#### Assignment:
Retype the whole listing verbatim and keep the pictures out of it.

#### Recorded information:
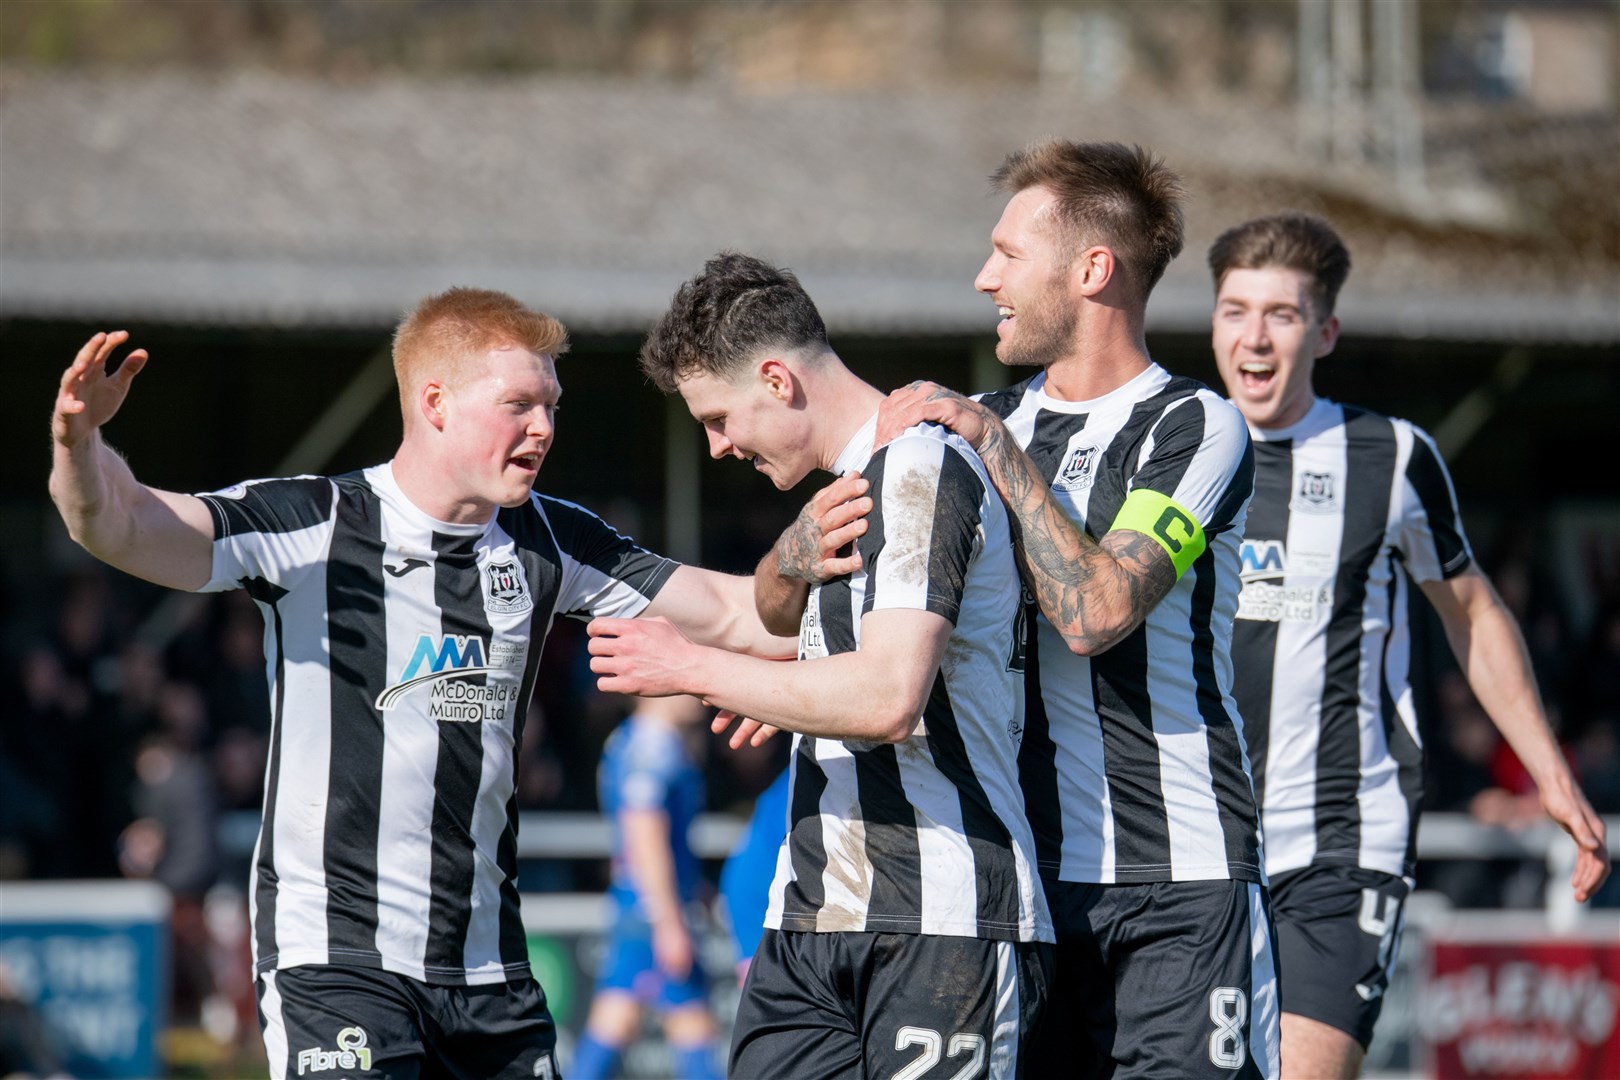 Ryan Macleman puts Elgin ahead with a great second half strike. Elgin City FC (2) vs The Spartans (2) - SPFL League Two 23/24 - Borough Briggs, Elgin 06/04/24.Picture: Daniel Forsyth.
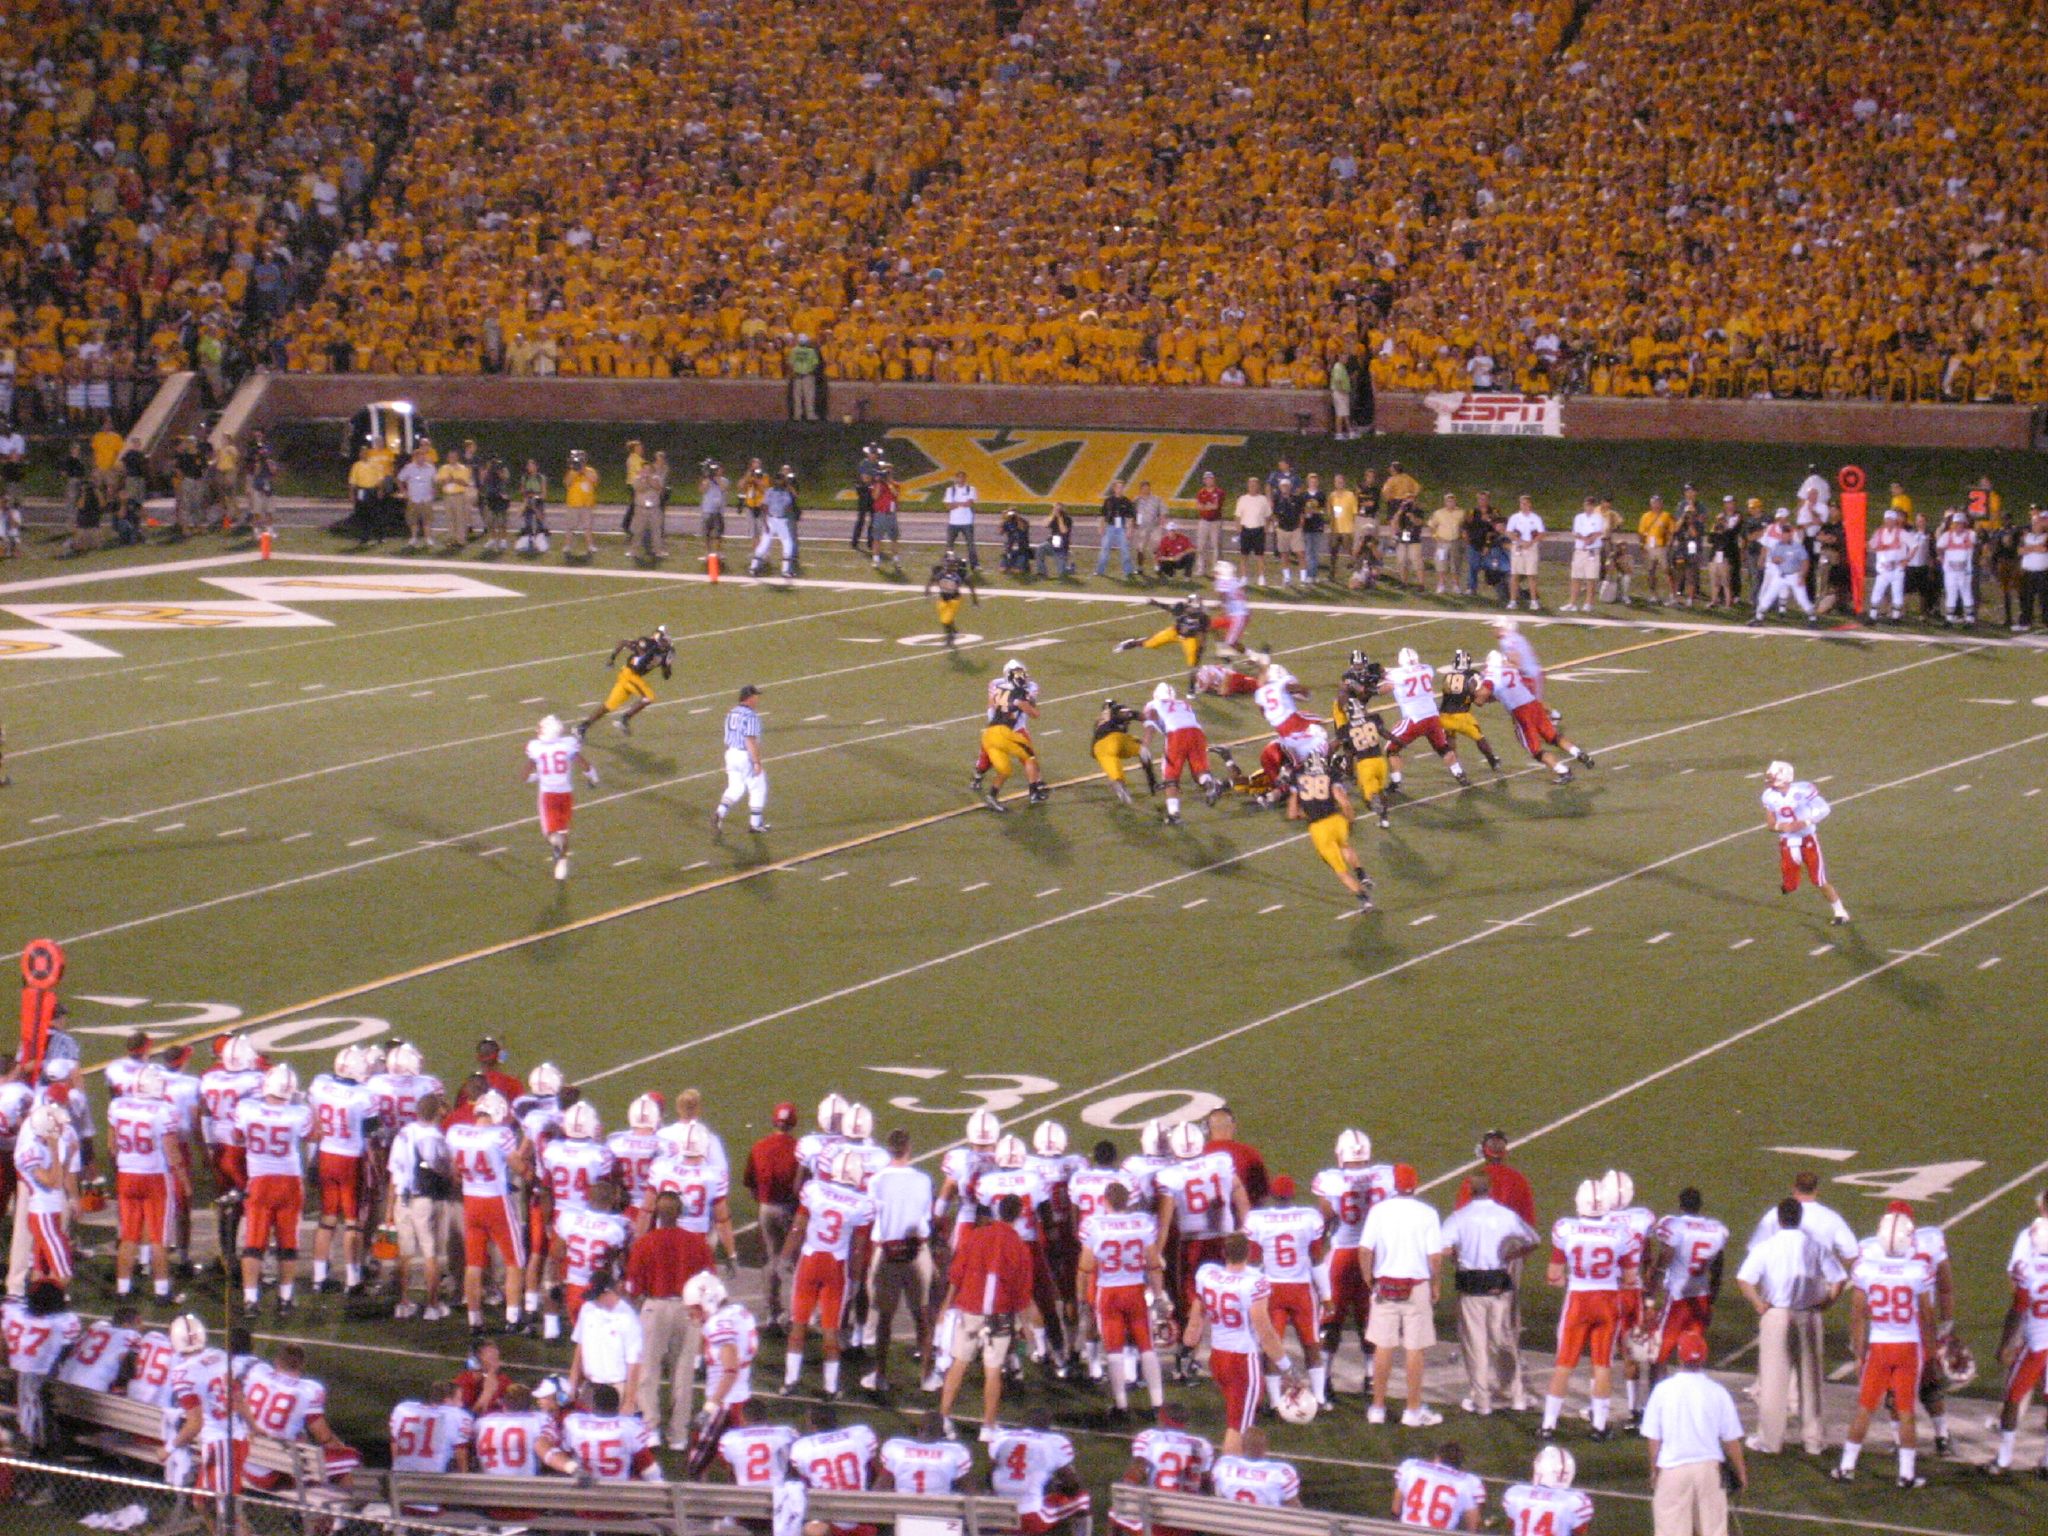 a football game being played with the teams on the field
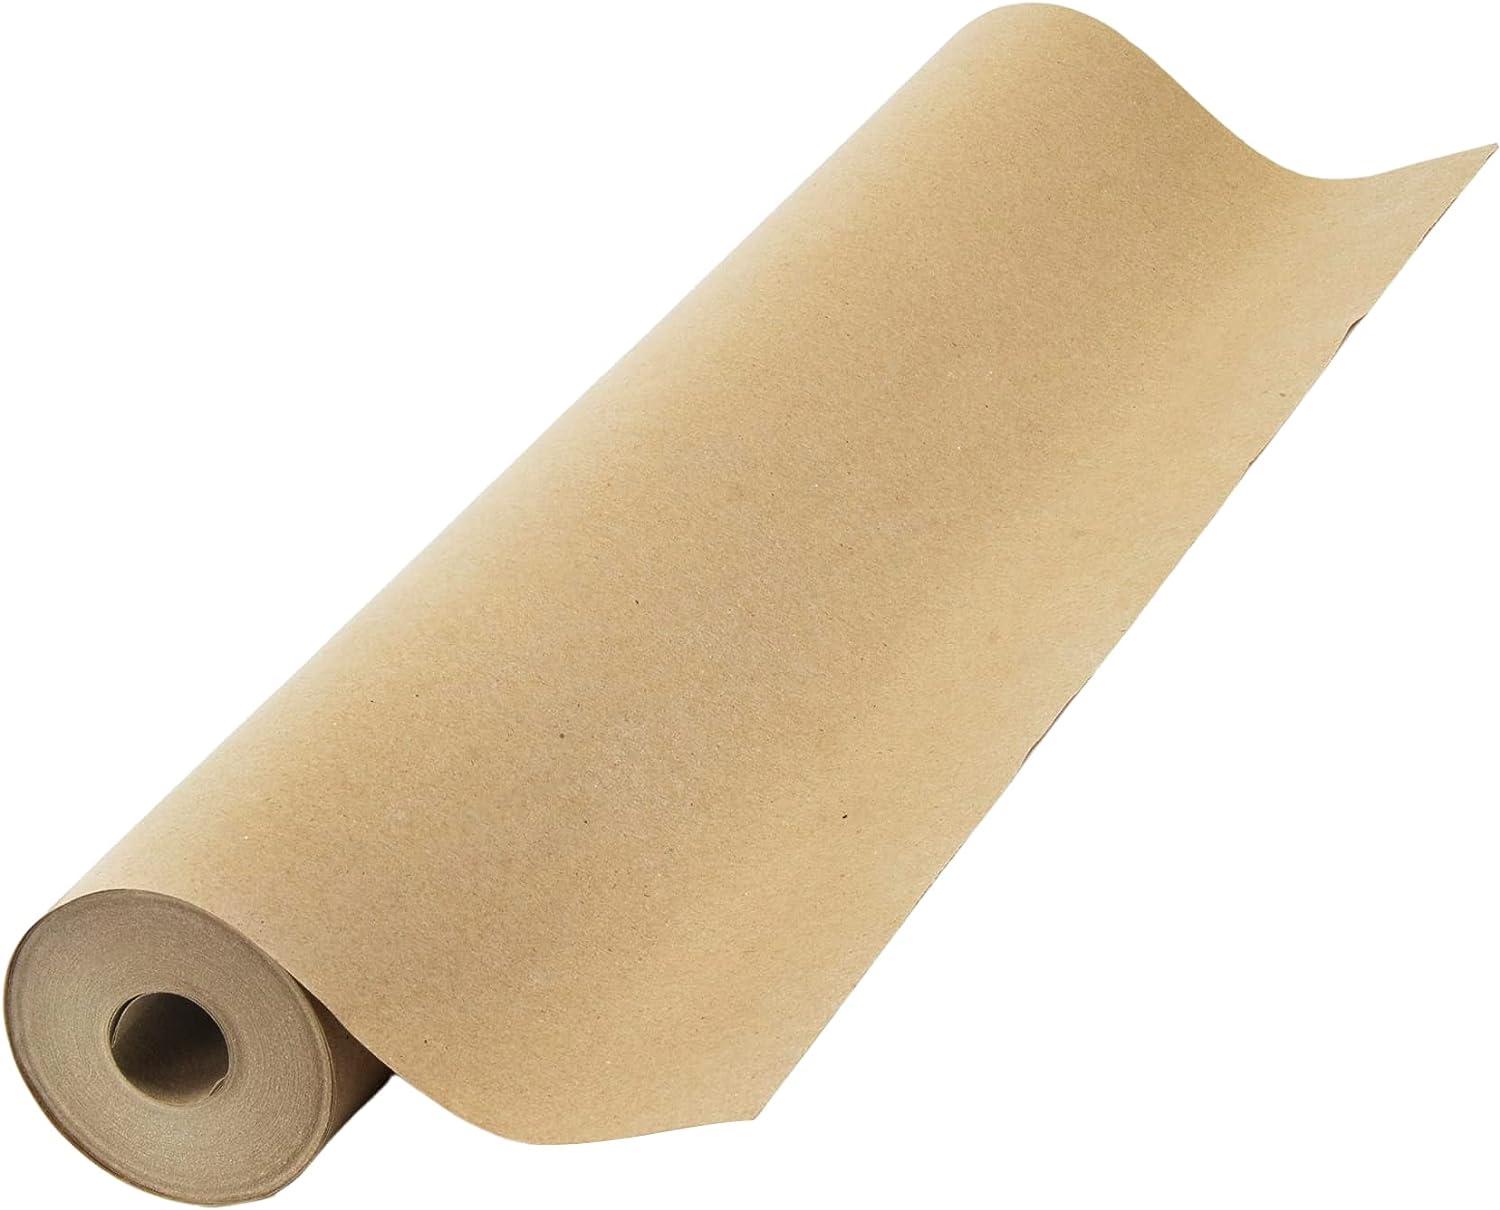 BOX USA Kraft Brown Paper Sheet, 30#, 24 x 36, 100% Recycled Paper, 833  Sheets Per Case, Ideal for Shipping, Packing, Moving, Gift Wrapping, Craft

#### Output of the task:
 Ryan Macleman puts Elgin ahead with a great second half strike. Elgin City FC (2) vs The Spartans (2) - SPFL League Two 23/24 - Borough Briggs, Elgin 06/04/24.Picture: Daniel Forsyth.
 a football game being played with the teams on the field
 BOX USA Kraft Brown Paper Sheet, 30#, 24 x 36, 100% Recycled Paper, 833  Sheets Per Case, Ideal for Shipping, Packing, Moving, Gift Wrapping, Craft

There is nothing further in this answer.